* _About this exercise_
Copying task for the records below: reproduce each one exactly and drop the pictures.

* _Raw data_
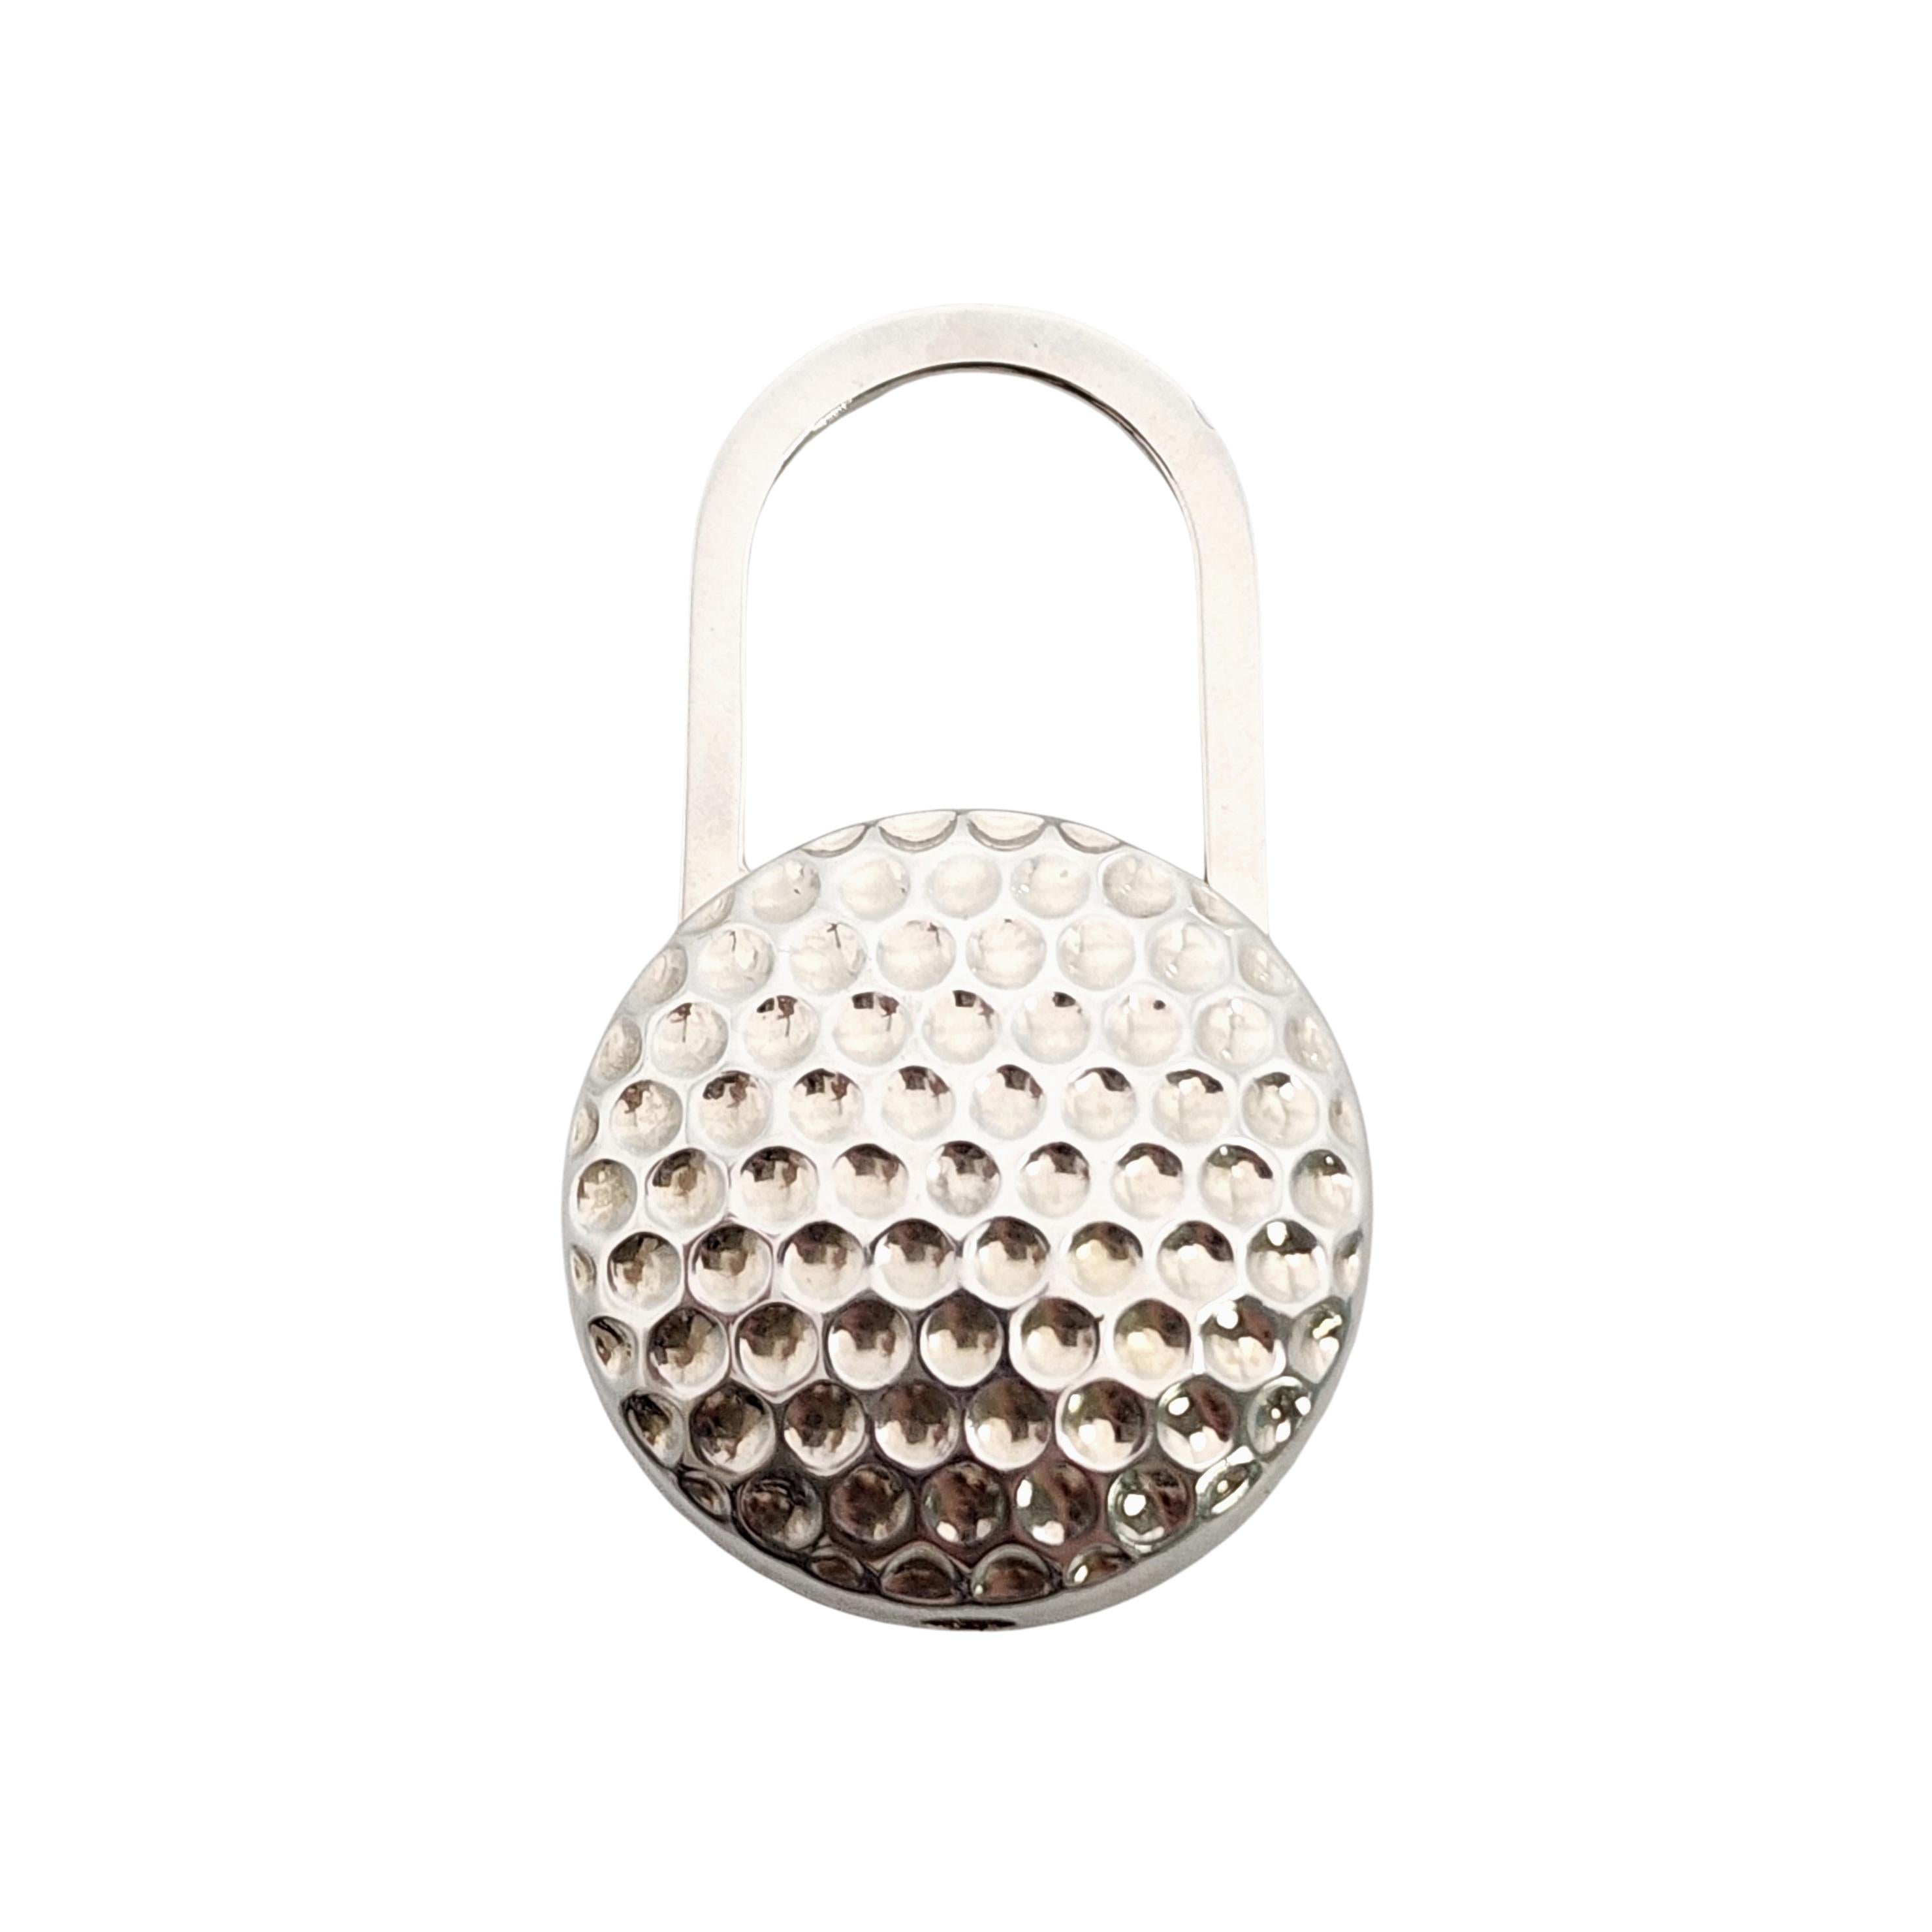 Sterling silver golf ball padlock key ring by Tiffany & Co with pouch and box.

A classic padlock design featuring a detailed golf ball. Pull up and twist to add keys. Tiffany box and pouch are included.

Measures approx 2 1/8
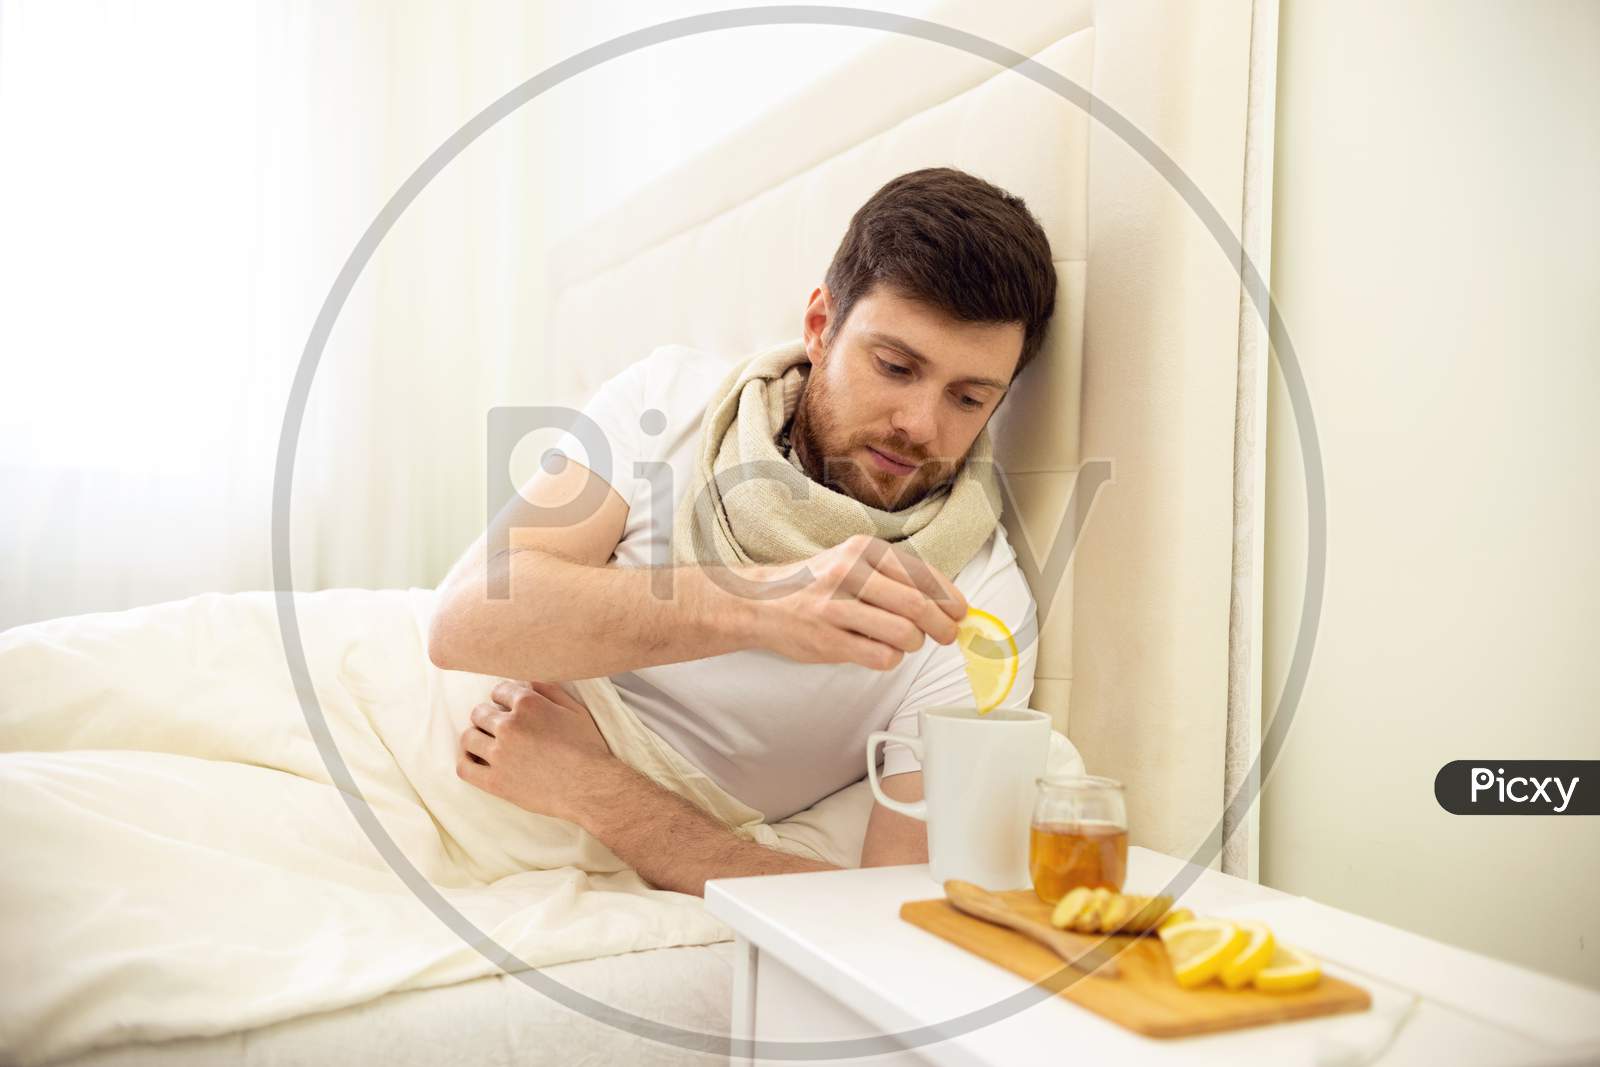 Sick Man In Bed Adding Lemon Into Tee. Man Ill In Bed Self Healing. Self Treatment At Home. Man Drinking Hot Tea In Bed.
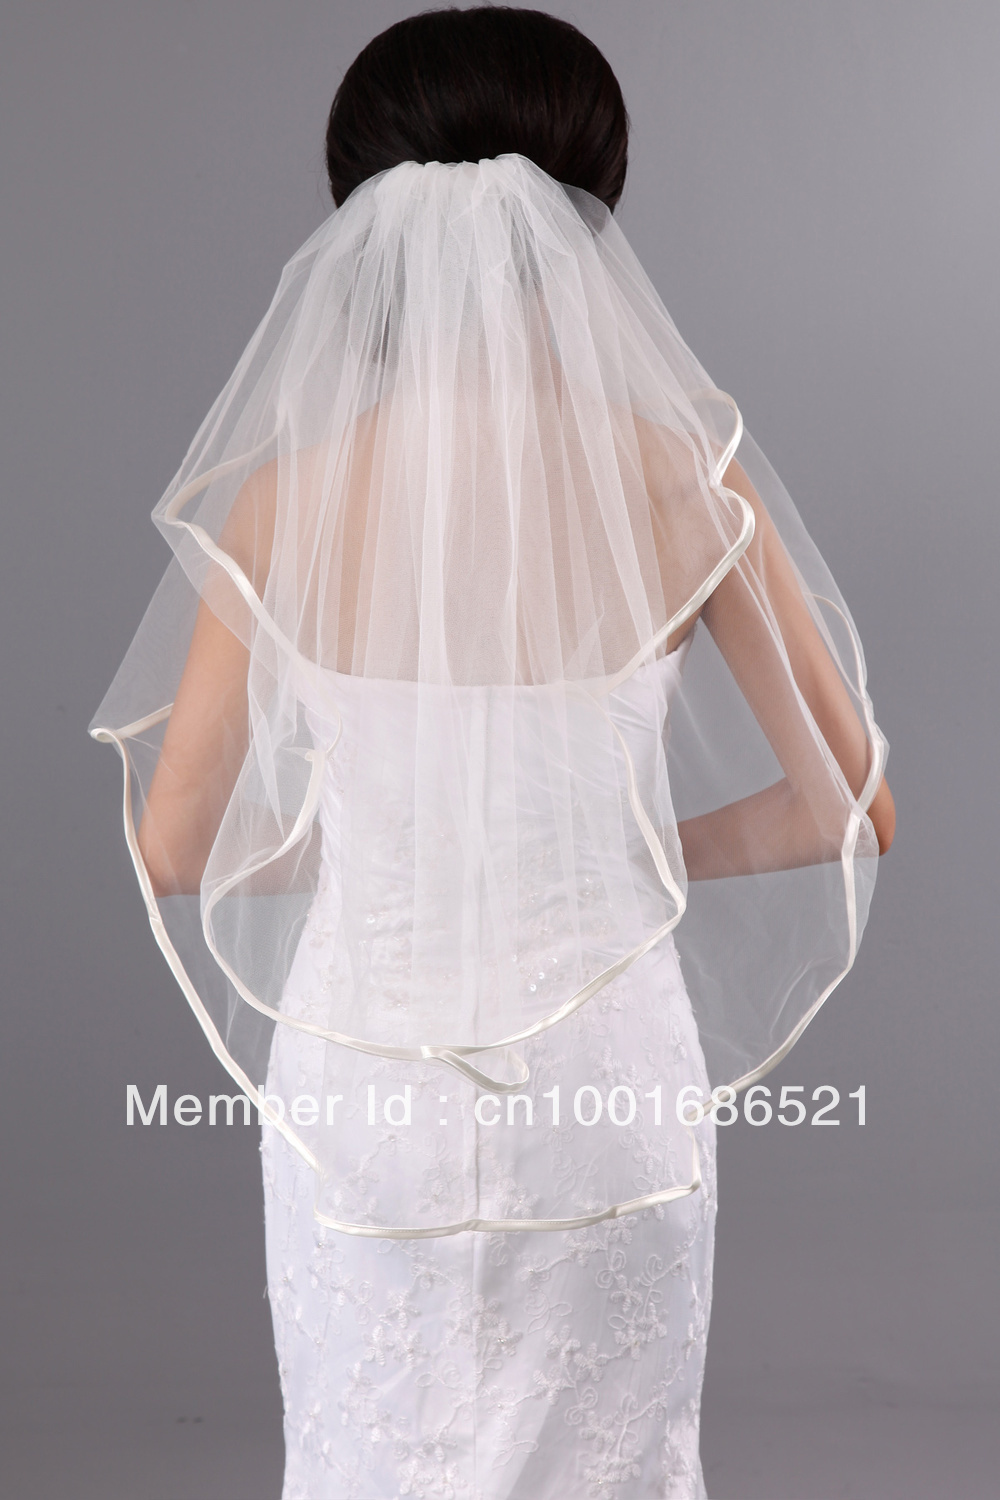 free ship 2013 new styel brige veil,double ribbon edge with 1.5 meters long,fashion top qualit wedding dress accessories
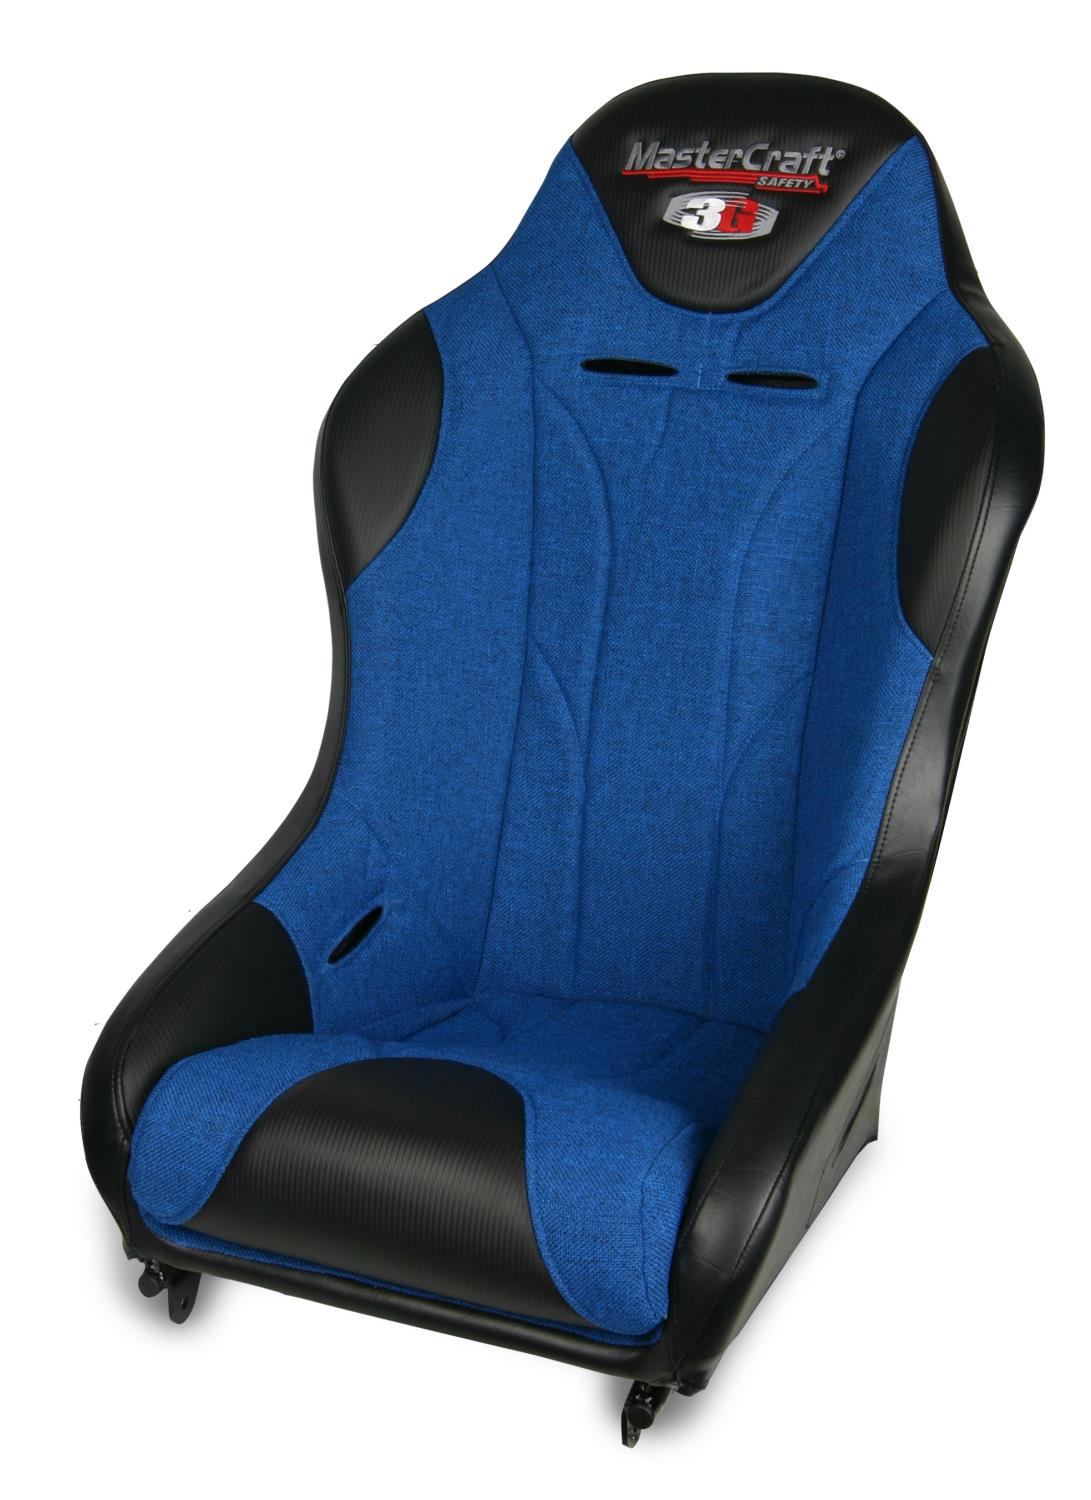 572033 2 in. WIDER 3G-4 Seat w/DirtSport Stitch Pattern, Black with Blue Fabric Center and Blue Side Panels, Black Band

* _Solution to the exercise_
 Sterling silver golf ball padlock key ring by Tiffany & Co with pouch and box.

A classic padlock design featuring a detailed golf ball. Pull up and twist to add keys. Tiffany box and pouch are included.

Measures approx 2 1/8
 Sick Man In Bed Adding Lemon Into Tee. Man Ill In Bed Self Healing. Self Treatment At Home. Man Drinking Hot Tea In Bed.
 free ship 2013 new styel brige veil,double ribbon edge with 1.5 meters long,fashion top qualit wedding dress accessories
 572033 2 in. WIDER 3G-4 Seat w/DirtSport Stitch Pattern, Black with Blue Fabric Center and Blue Side Panels, Black Band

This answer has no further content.